Friday, April 20, 2007

Lions: Unsafe in Gir, in peril outside

Times of India – By Himashu Kaushik  Dated: 16 April 2007

http://timesofindia.indiatimes.com/Cities/Ahmedabad/Lions_Unsafe_in_Gir_in_peril_outside/articleshow/1912950.cms

 

BHANDERIYA (BHAVNAGAR): Gujarat's forest department hardly has an intelligence network in Gir and surrounding areas where the lions have wandered off. And when local villagers nabbed suspected poachers recently and alerted the department, the forest officials let them go free, only to kill at least two more lions in Bhavnagar district.

 

This startling information came out during investigations by TOI in and around the spot where two lion carcasses were recovered late on Saturday.
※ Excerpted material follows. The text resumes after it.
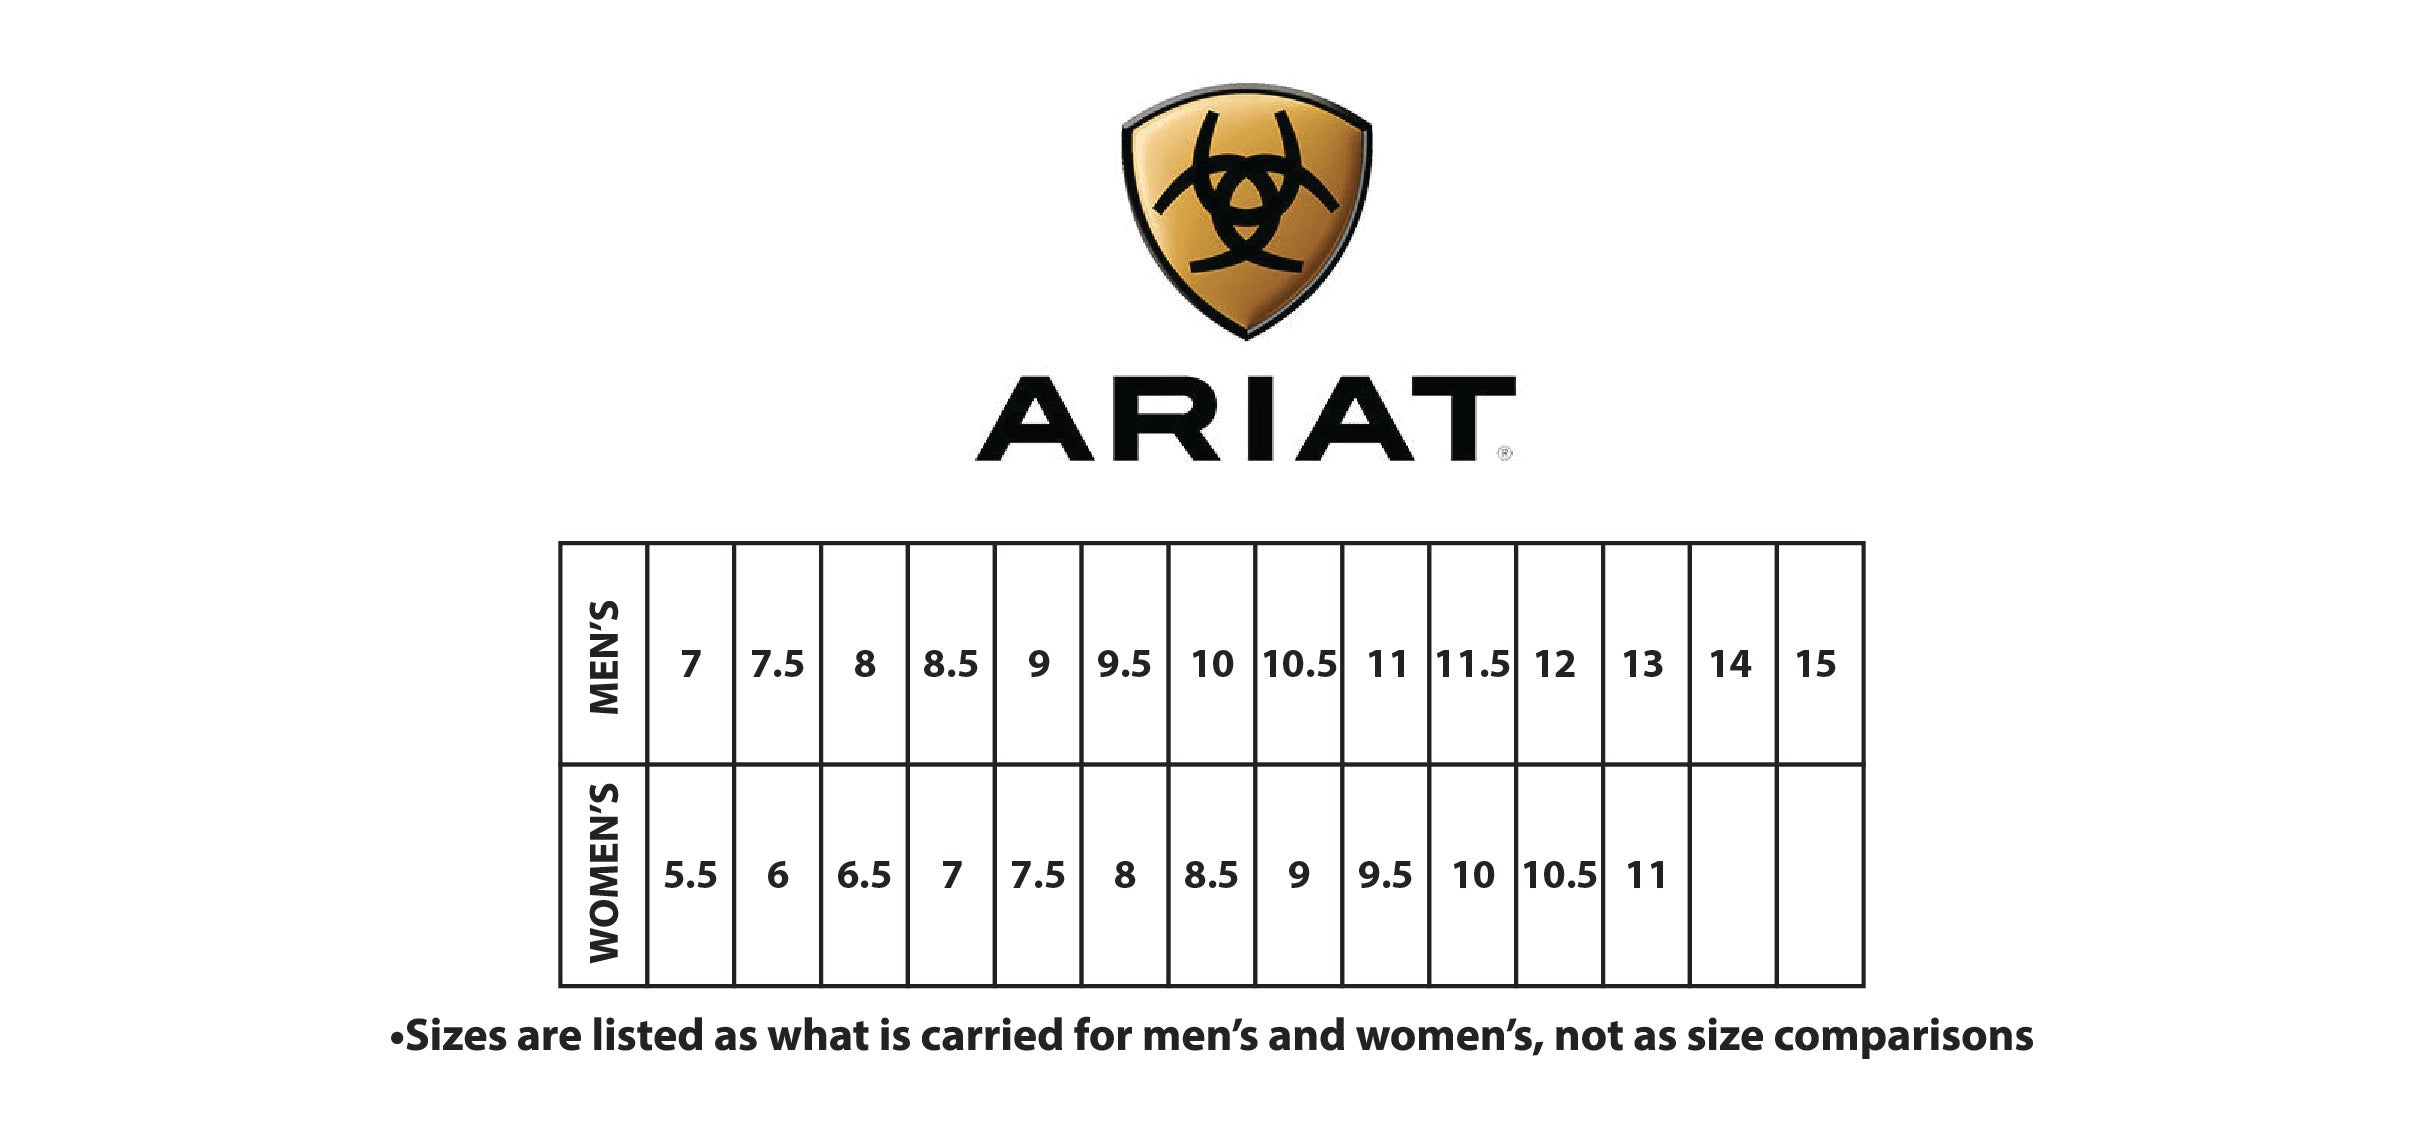 ARIAT FOOTWEAR SIZE CHART

On April 2, the villagers in Bhanderiya had apprised the forest department about suspicious movement of outsiders camping on the outskirts of the village.

 

This was two days after the second poaching incident was reported in Babariya range and forest department should have been sufficiently alert. But forest department officials, after an inquiry, let the gang members go.Village sarpanch Abhabhai Ravat said, "Two weeks back we had spotted some people fishing in a pond near the village.

 

We requested them to desist from this activity but when they got aggressive, we informed the forest department and the police." The forest department officials came and talked to these people and let them off because they did not find anything suspicious.

 

When five members of the gang, who were arrested last week while trying to flee from Bhavnagar railway station, were brought to Bhanderiya on Saturday to help police locate more lion graves, the villagers recognised them as the same people who were seen fishing earlier.

 

Kamaliya Bacha Laxman, the talati of the village, confirmed that the gang believed to have killed the lions was the same whose suspicious conduct was reported to the authorities. He said the gang members also had a minor skirmish with the villagers after the incident.

 

Laxman said the village had often seen a pride of lions in the vicinity, consisting of two adult males, one female and a cub. Last week, he had spotted only the lioness and the cub about three kilometres from the spot where the two lion carcasses were found.